Indonesia and the EU have faced a multitude of challenges, in the domestic, regional, and global sense, when it comes to trade and the economy. The US has imposed a 19% tariff on Indonesian exports and 15% on EU exports.

These tariffs will hit Indonesia’s primary export industries, which account for a significant share of employment. The EU’s share of exports going into the US could decline. The EU and Indonesia both rely on the US as a major trading partner. The US is one of the EU’s largest trading partners alongside China. The US is Indonesia’s 4th larger trade partner, with China, ASEAN countries, and Japan constituting a large share.

Indonesia and the EU have also separately worked with the US to negotiate and discuss trade deals.
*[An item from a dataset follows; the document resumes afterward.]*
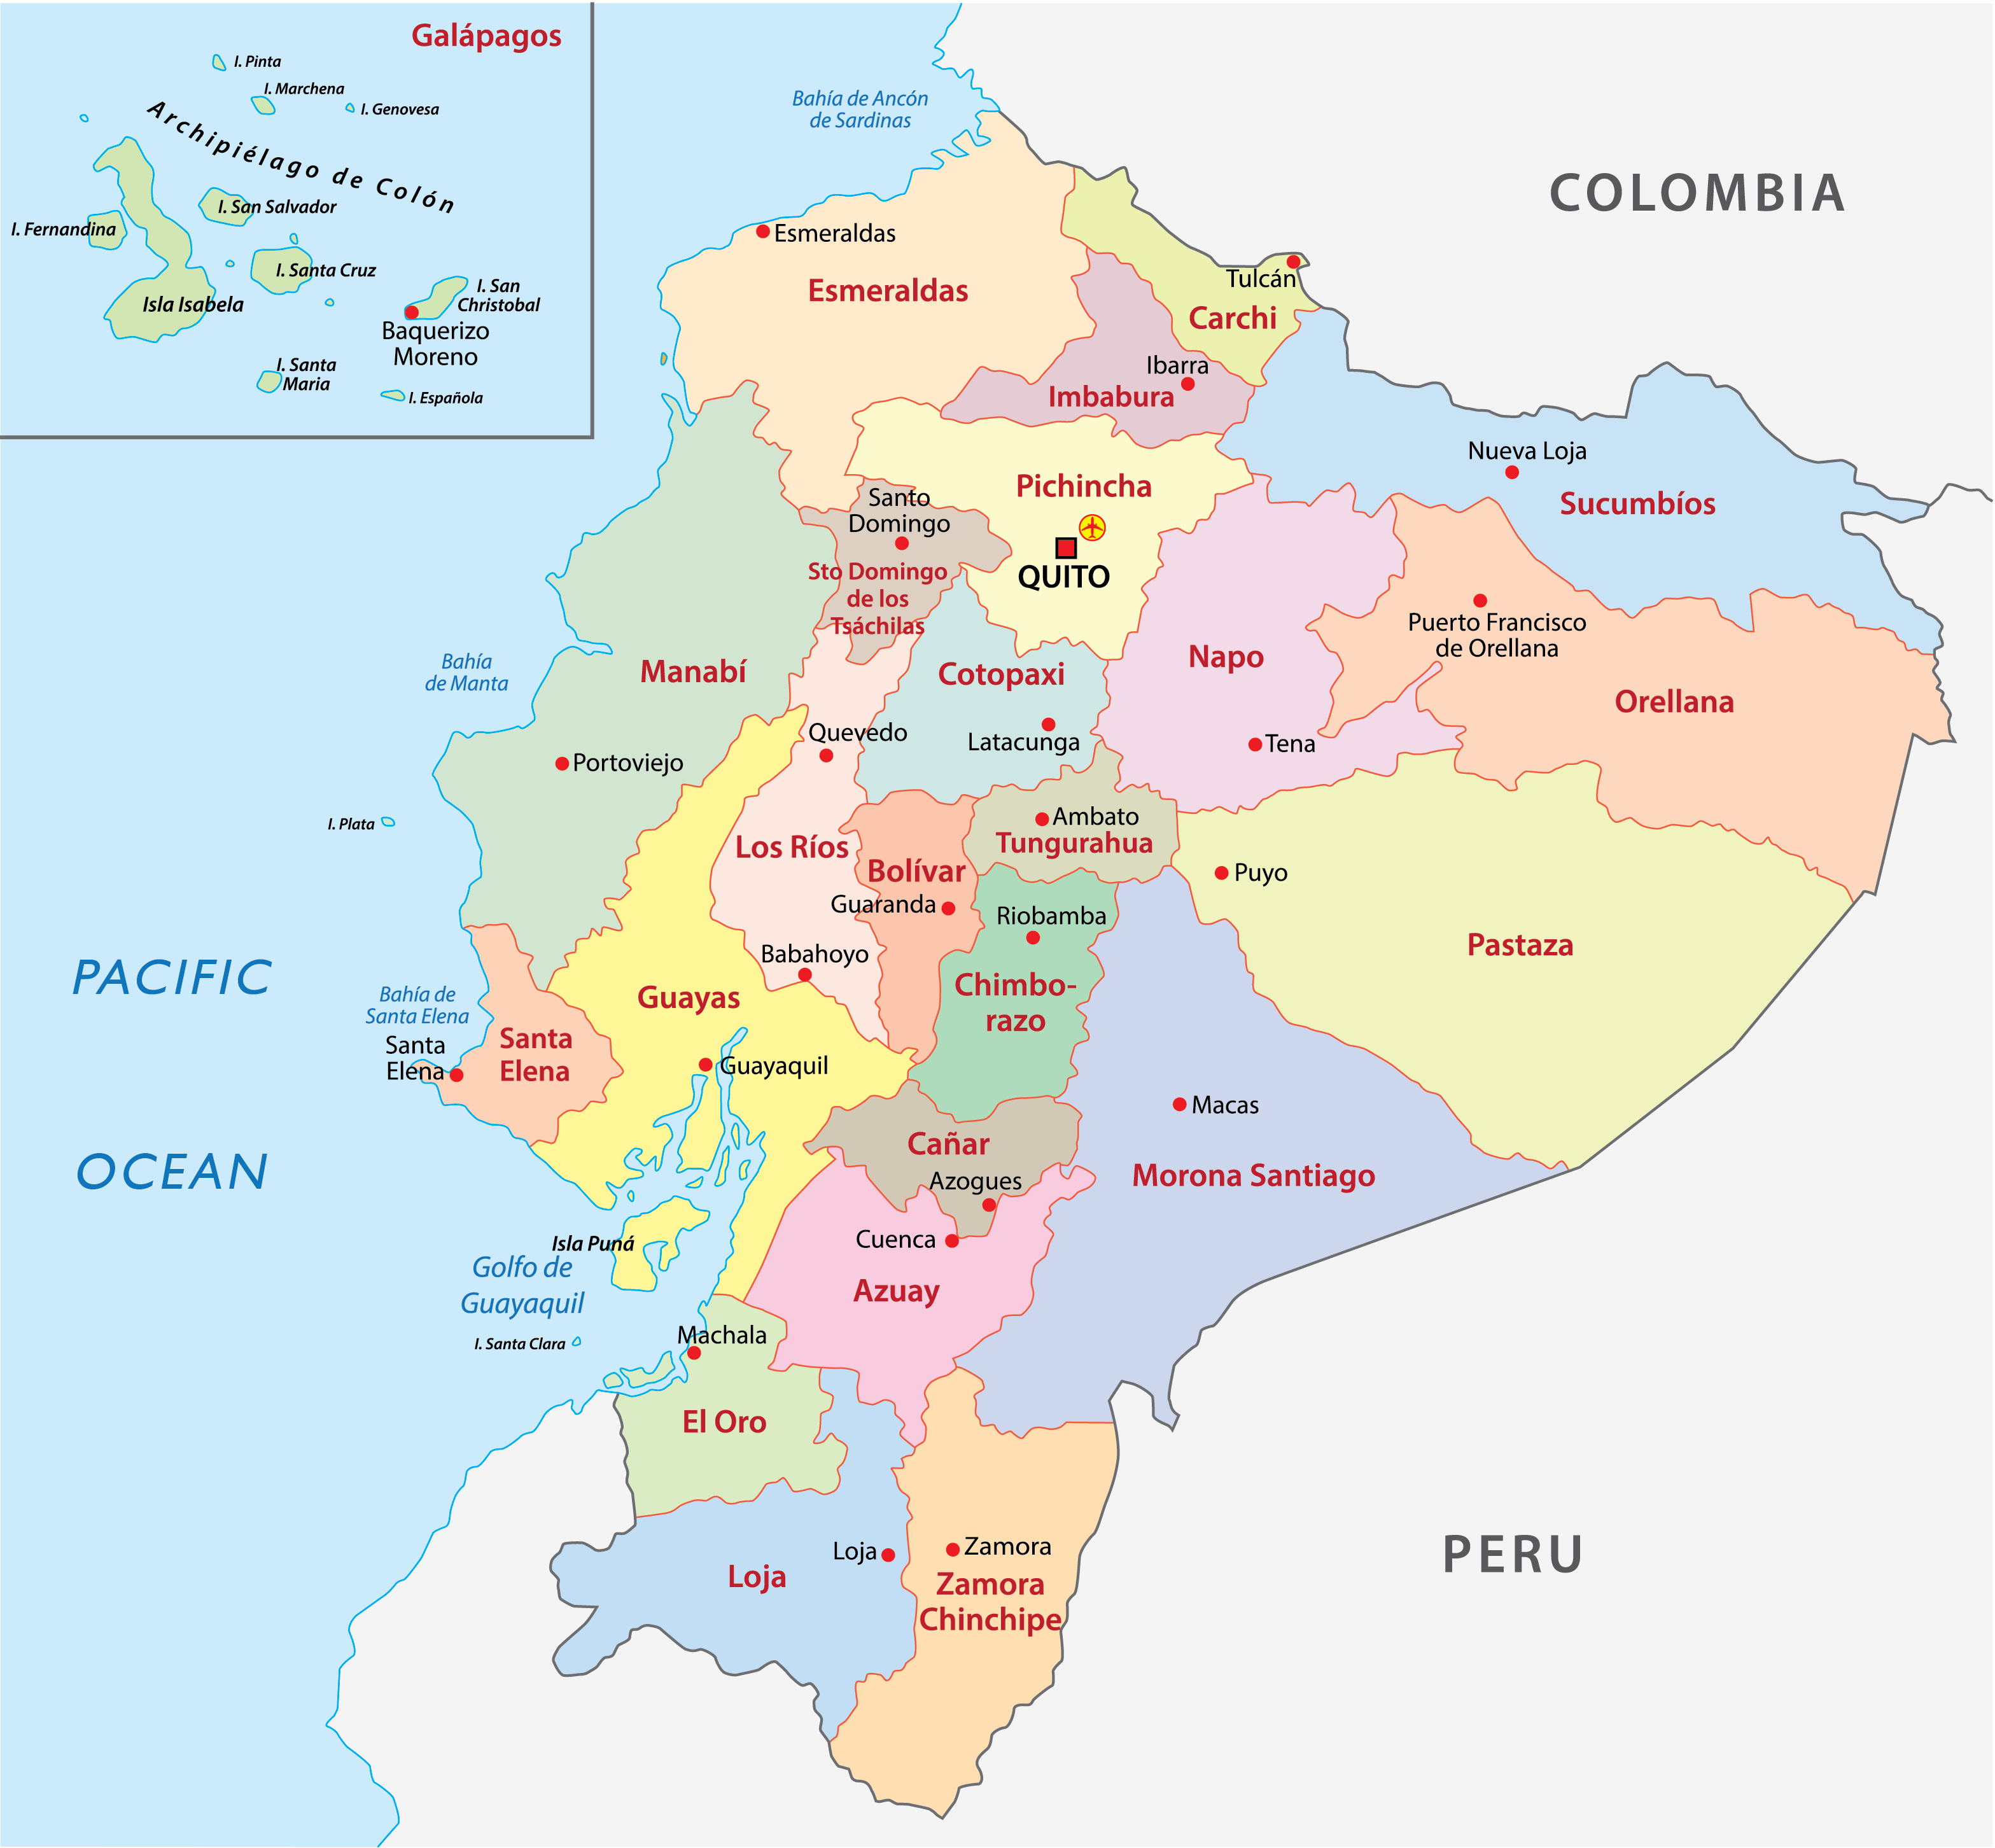 Ecuador Political Map
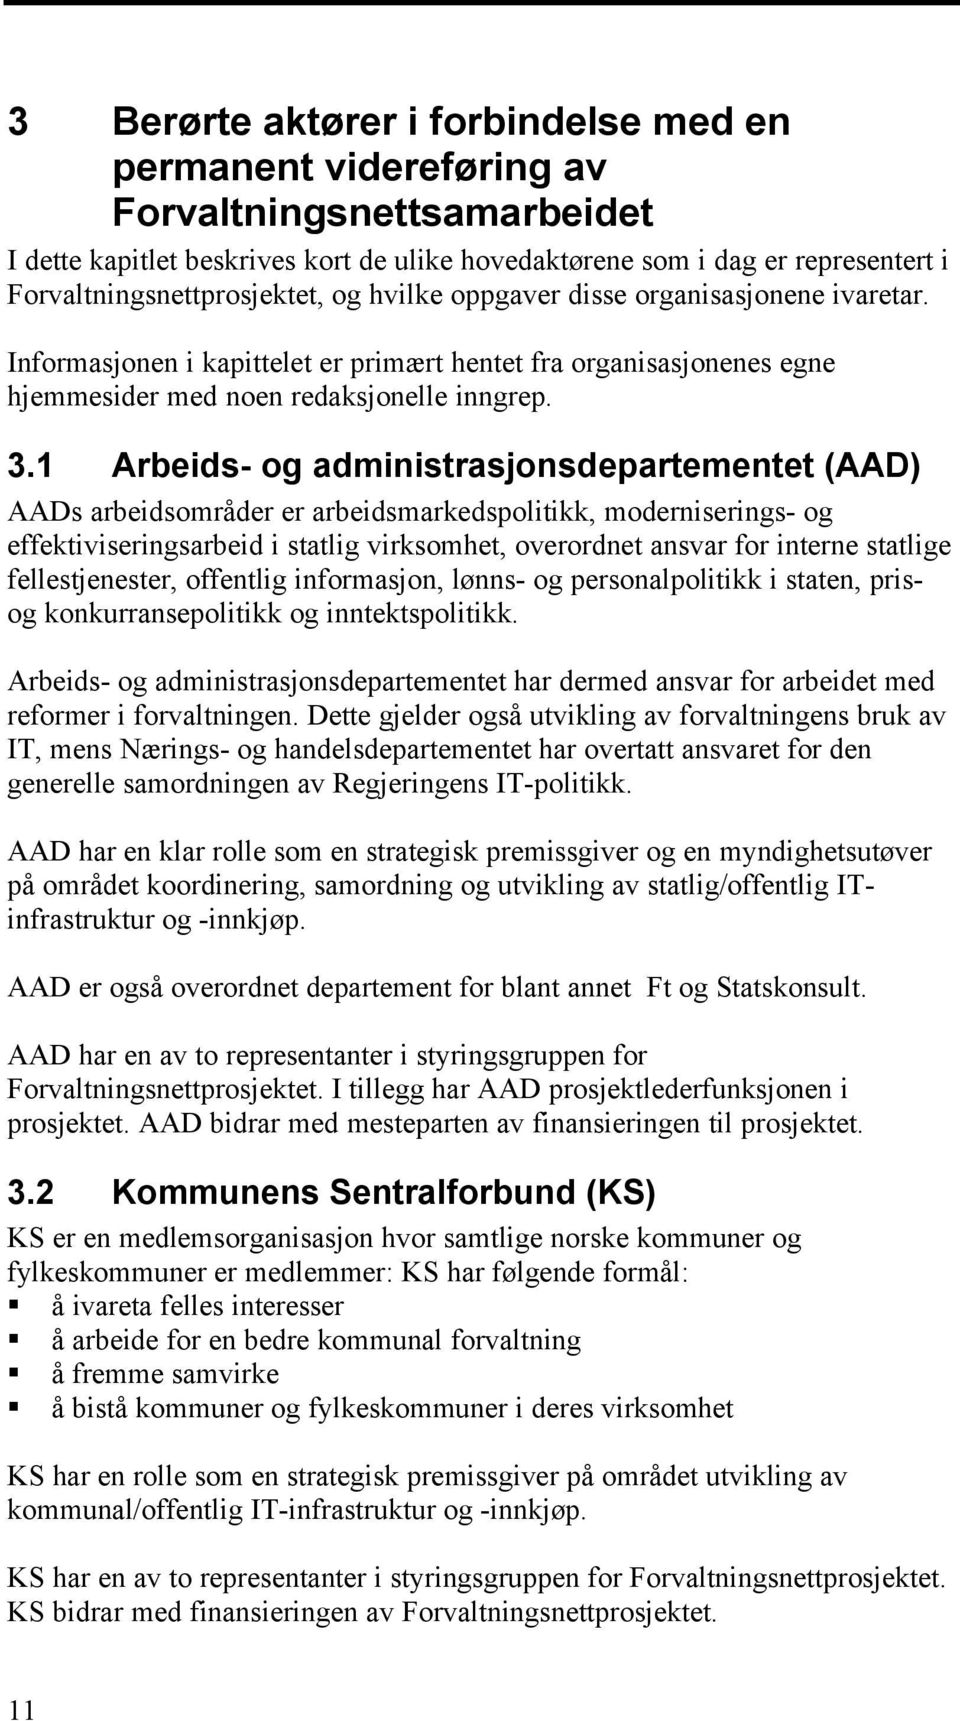 1 Arbeids- og administrasjonsdepartementet (AAD) AADs arbeidsområder er arbeidsmarkedspolitikk, moderniserings- og effektiviseringsarbeid i statlig virksomhet, overordnet ansvar for interne statlige

But this finalized negotiation shows the proactiveness and urgency of the EU and Indonesia to chart their own economic future. The CEPA agreement has been “praised as historic by both sides,” in Indonesia and the EU.  The CEPA is more than just a trade agreement; it highlights a trend where countries are actively strengthening economic and strategic ties with specific partners or regions.

As mentioned, the EU is also finalizing trade deals with other countries, such as India. Indonesia has also recently finalized trade deals with other countries, such as Canada. It also highlights the sense of urgency in that negotiations for the CEPA have been resolved after decades of discussions. Countries are seeking to secure the stability of their own economic prosperity and development, but also to diversify their supply chains to protect from shocks such as tariffs.